Module 2 tests the dual bispecific combination of REGN5668 plus ubamatamab in an ovarian cancer cohort. Sarilumab, an anti–IL-6 receptor monoclonal antibody used clinically for rheumatoid arthritis, is being administered as prophylaxis for potential CRS, a known on-target risk with T-cell–redirecting therapies.¹ Module 2 dose escalation has progressed through multiple dose levels, with enrollment ongoing.

Who is eligible? Key inclusion and exclusion criteria

Within the ovarian cancer cohort, eligible patients must have histologically or cytologically confirmed advanced epithelial ovarian cancer (excluding carcinosarcoma), primary peritoneal cancer, or fallopian tube cancer, with relapse or disease progression on or after their most recent line of therapy.
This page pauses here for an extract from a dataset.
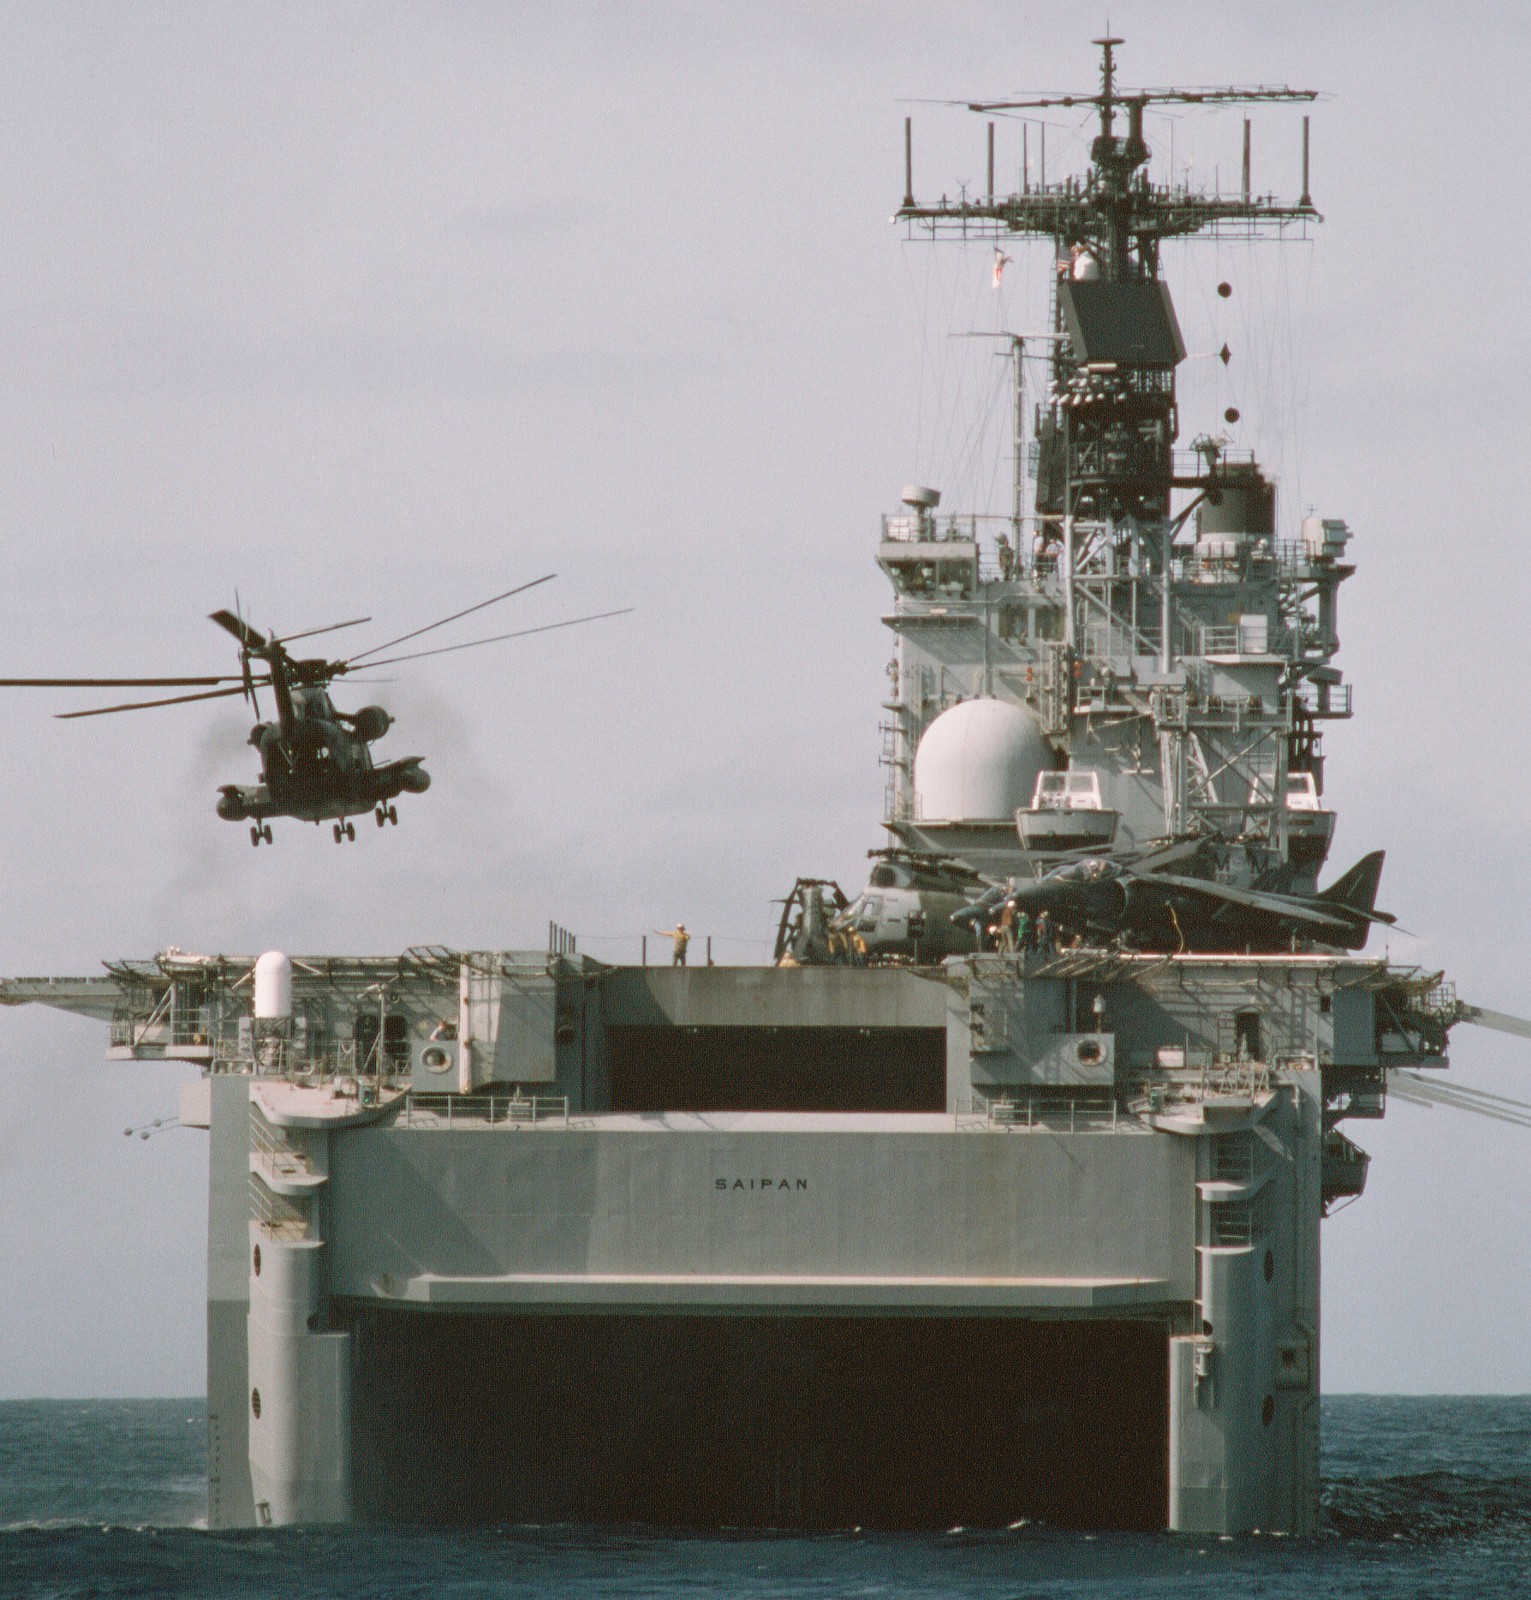 lha-2 uss saipan tarawa class amphibious assault ship us navy 22nd meu hmm-261 usmc operation sharp edge liberia 84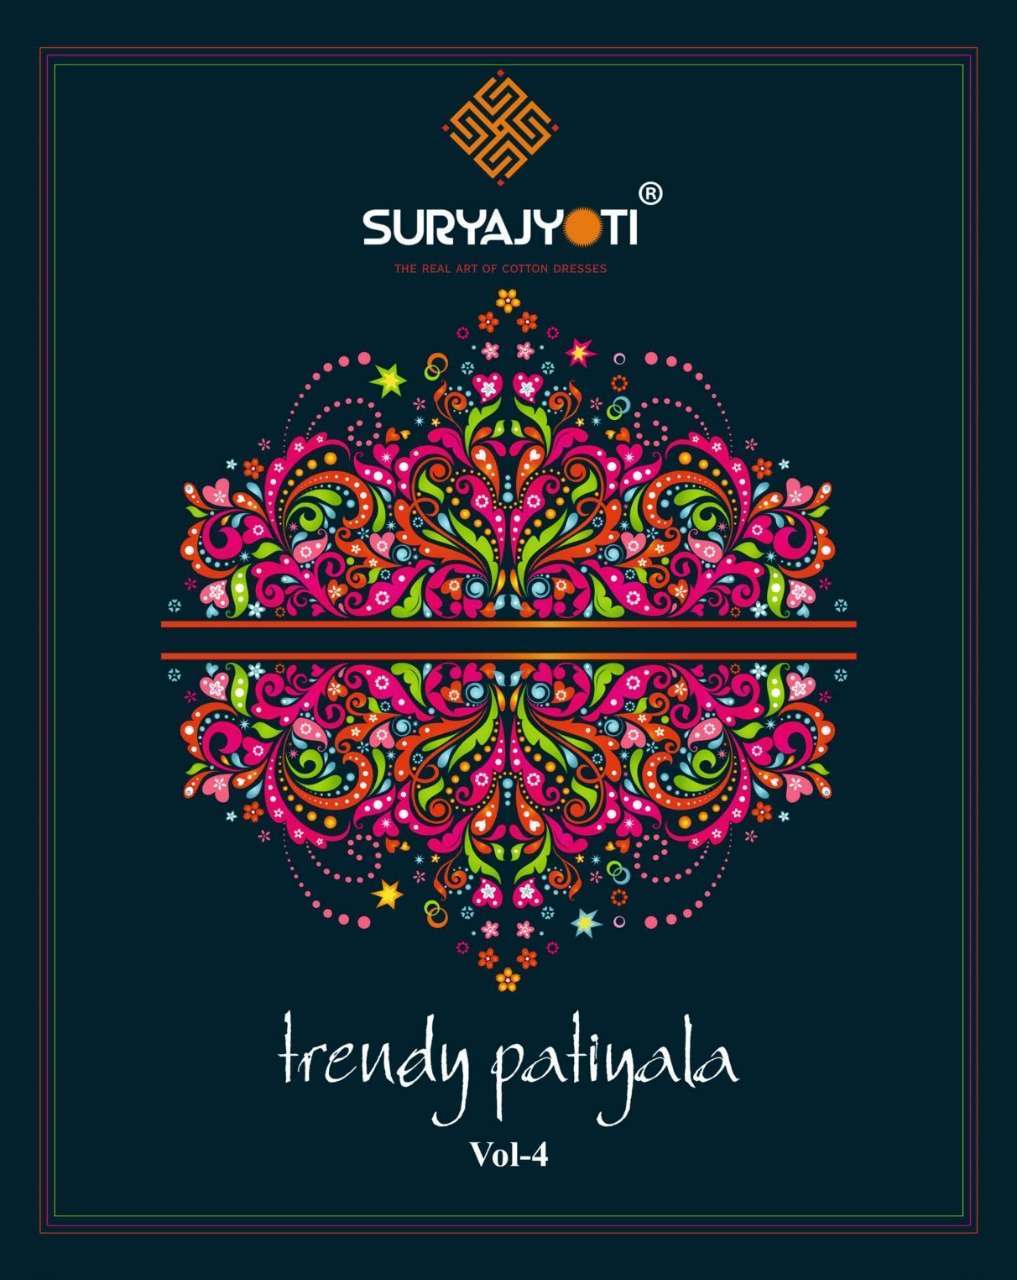 Suryajyoti trendy patiyala vol 4 printed cotton dress materi...

Patients must have been treated with at least 1 prior line of platinum-based systemic therapy and have a serum CA-125 level of at least 2-times the upper limit of normal.

For the endometrial cancer cohort, patients must have histologically confirmed disease with disease progression or recurrence after anti–PD-1 therapy and platinum-based chemotherapy, with exposure to no more than 4 prior lines of systemic therapy. At least 25% of tumor cells must be MUC16 positive, ensuring that patients enrolled on this arm have tumors with meaningful target expression. All patients must have an ECOG performance status of 0 or 1, a life expectancy of at least 3 months, and in the expansion cohorts at least 1 lesion measurable by RECIST 1.1 criteria.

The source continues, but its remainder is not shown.